参考来源:《中国共产党历史》《中共党史网》《永泰县志》及相关历史档案
1935年5月的闽中山区,暮色四合。德化、永泰、仙游三县交界的紫山上,一支疲惫不堪的队伍正在山林间艰难行进。
他们衣衫褴褛,面带菜色,已经连续数日断粮。这支队伍是闽赣省委和军区机关改编的新编第一团,共有630余人。
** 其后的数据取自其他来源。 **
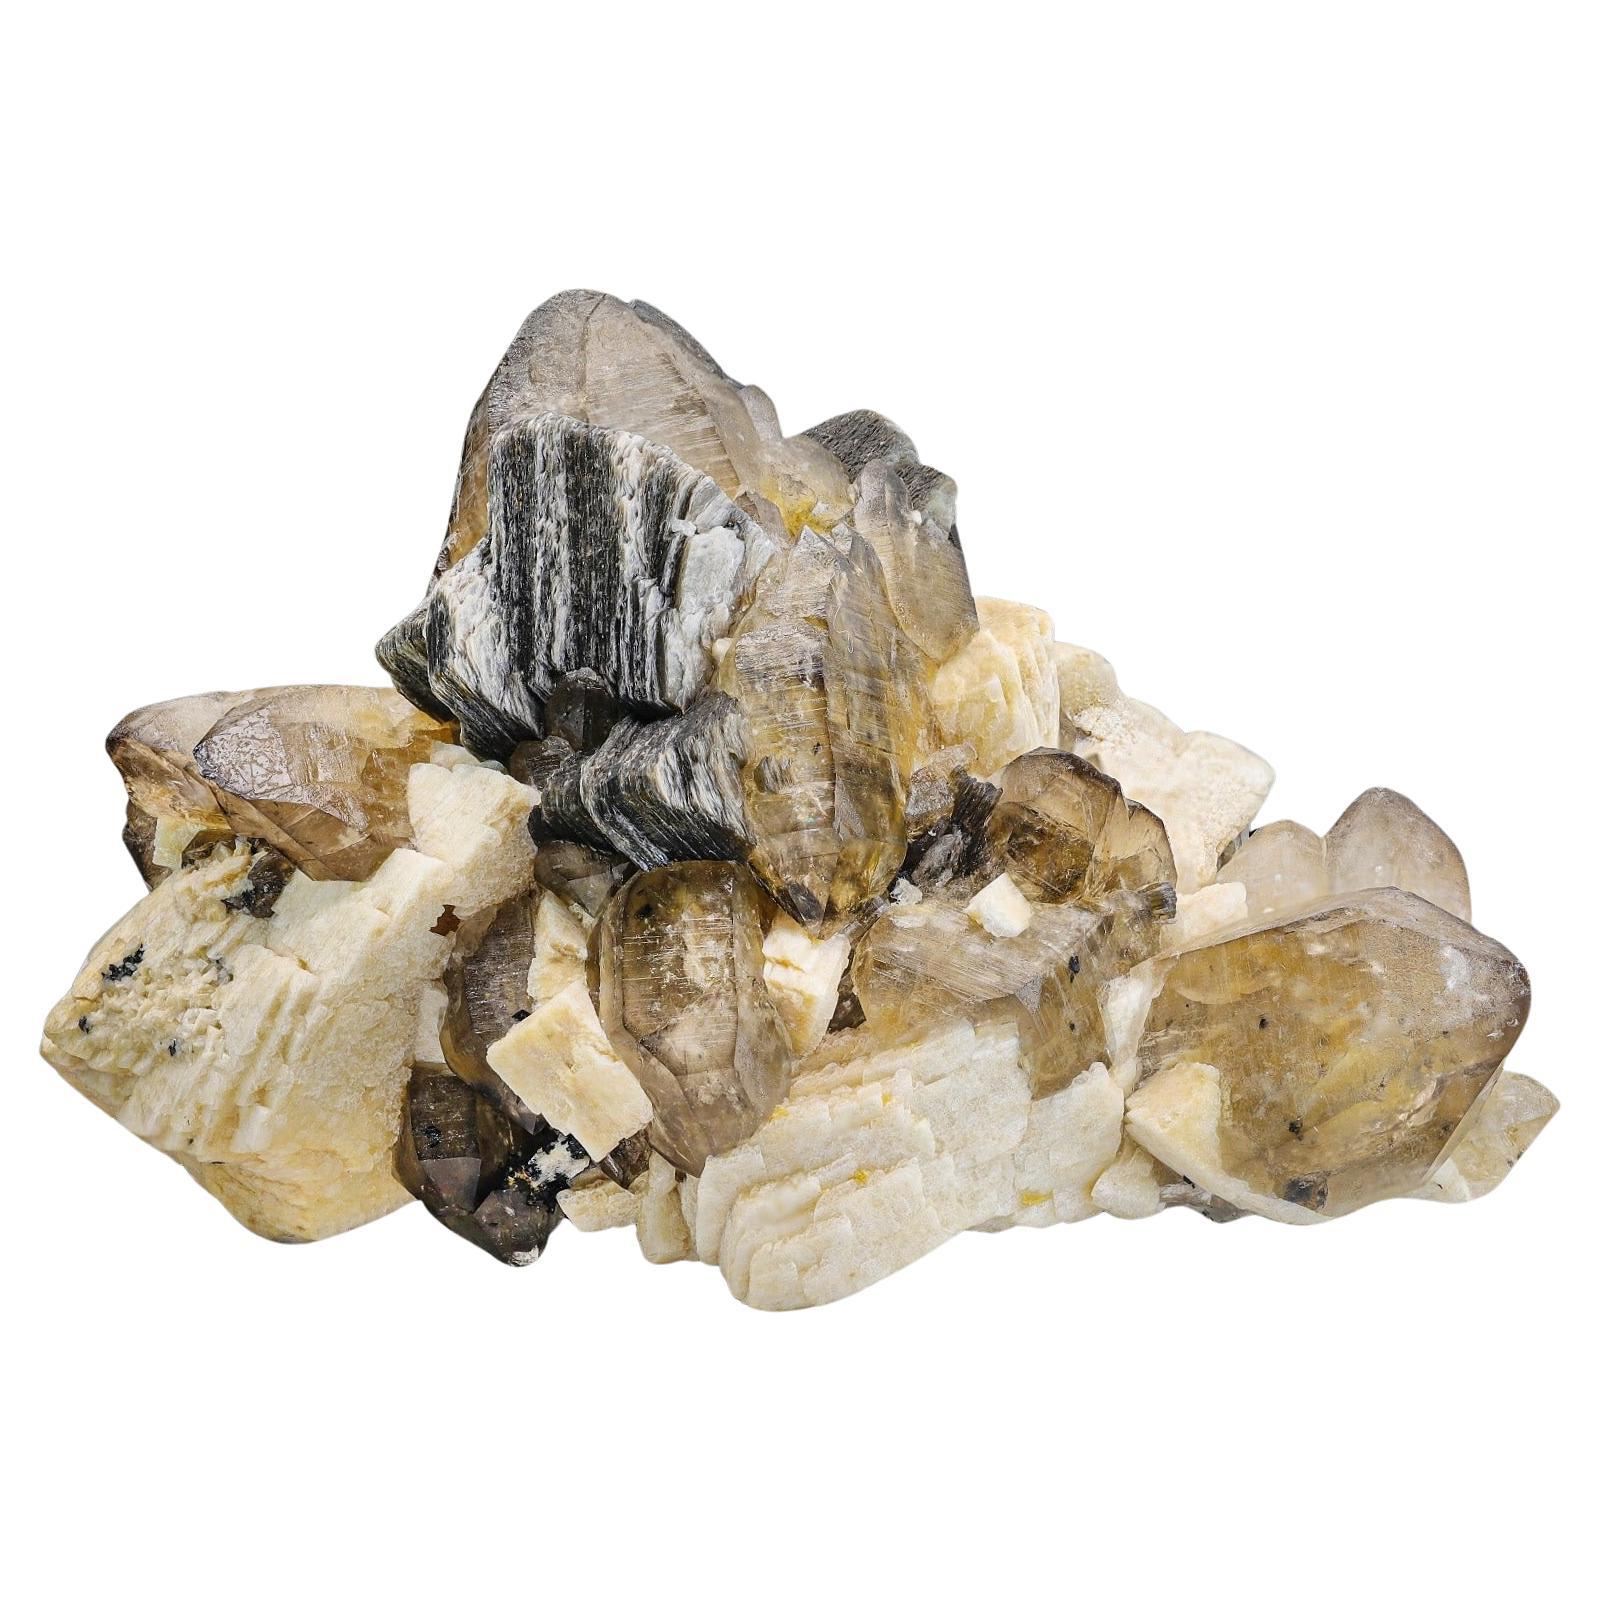 Large Cabinet Museum Level Specimen 6kg Of Smoky Quartz Crystals for Sale For Sale

队伍的最前方,一个身材中等、面容坚毅的中年人正与几名部属商议着什么。此人便是闽赣省委书记兼军区政委钟循仁,时年30岁。
自1935年1月接任这个职务以来,短短四个月时间,他经历了无数次生死考验,目睹了根据地的逐步丧失,见证了队伍从数千人锐减到眼前这六百多人。
国民党军第九师和第五十二师已经对紫山形成合围之势,仙游等地的民团也在山下严密布防。粮食断绝,弹药将尽,前路茫茫。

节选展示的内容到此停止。